Tuesday, June 9, 2020

They're Creepy and They're Kooky - The Manson Family!

Around New Year's, I said I wouldn't be doing a 2019 round-up review, because we still haven't seen a ;ot of them - Netflix is holding out on us. But they did let us watch Quentin Tarantino's Once Upon a Time in Hollywood (2019), which was nice.

It is set in 1969. Leonardo DiCaprio is the star of a (made-up) TV western series, now cancelled. His career is a little precarious, taking roles in other shows, mostly as the heavy. His stunt man, buddy and go-fer, Brad Pitt, is even more precarious. He has trouble getting work because he maybe killed his wife. Tarantino shows him on a boat, getting yelled at by his wife, with a speargun in his hand...

Most of the movie is DiCaprio freaking out about his career, and Pitt cruising around, being cool. DiCaprio lives next door to Roman Polanski and Sharon Tate, which is cool. Pitt keeps running into these cute hippy chicks, and eventually follows one out to the Spahn Ranch, where he once worked on westerns. Sharon Tate (Margot Robbie) walks around town or bops around her house. It's sort of aimless, but also creepy, because we know what's coming.

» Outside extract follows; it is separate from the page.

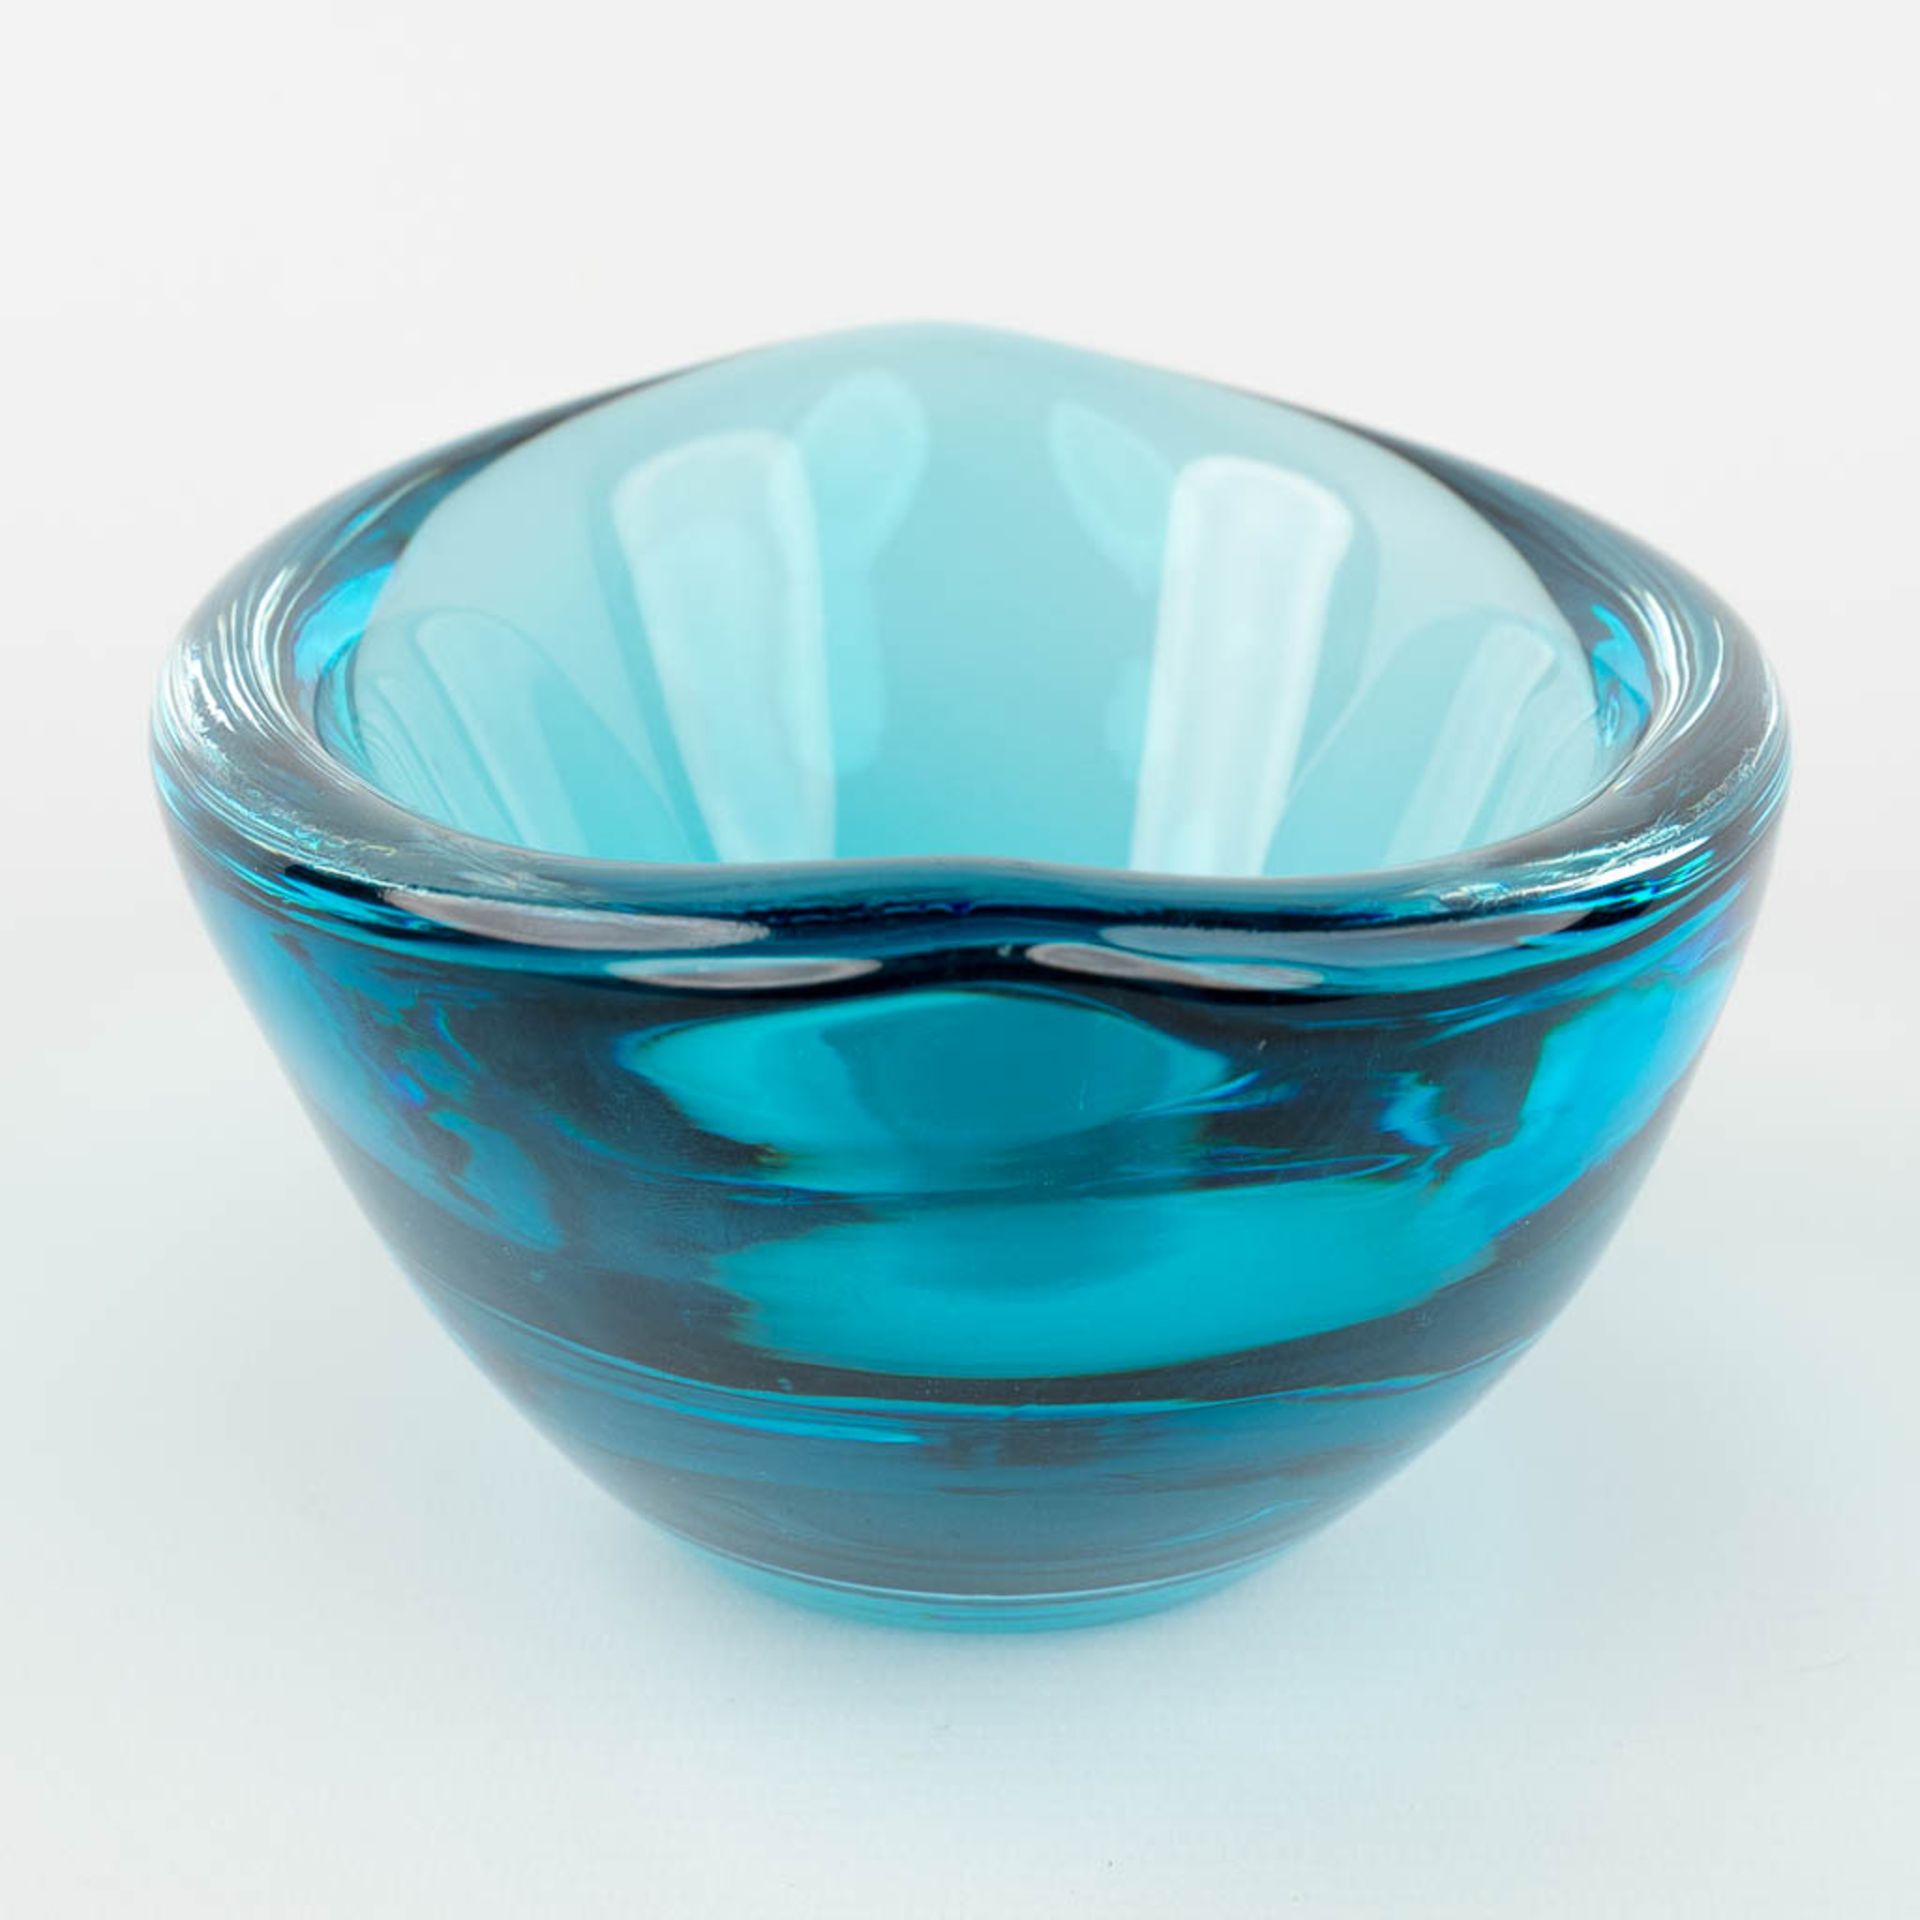 Val Saint Lambert, a bowl on a base, added a bowl in blue glass. (L: 10 x W: 21 x H: 15 cm) - Image 6 of 16

But, and I don't think it's a spoiler anymore, it doesn't happen. The Manson kids decide to kill DiCaprio instead of Polanski, which was a bad idea. They get killed most conclusively. Which is a very good feeling, although just a fantasy.

The real joys of this are soaking up old 1960s LA - Musso and Frank Grill, the Strip,  the cars, the canyon. Tarantino dressed real LA locations to match 1969, with no CGI. We get a lot of real people showing up, not just the Mansons and Sharon Tate. Damian Lewis does a great Steve McQueen. We get Mama Cass and Michelle Philips. Real-life director Sam Wanamaker directs an episode of Lancer, a real TV show with (not real) DiCaprio. And we meet Bruce Lee.

This is kind of problematic, since he is made out to be a big jerk who couldn't really fight. That is not period accurate. But it sort of feeds into the fantasy: These All-American actors with their rough-and-ready stunt men are what's great about the country. Not those foreigners and the damned dirty hippies. As a member of the hippie community, I should take offense. But, hell, it's all in fun.

Not sure what to think about Sharon Tate watching and apparantly enjoying her last movie, the Dean Martin as super-spy Matt Helm trainwreck, The Wrecking Crew. I never managed to get through more than one of those stinkers.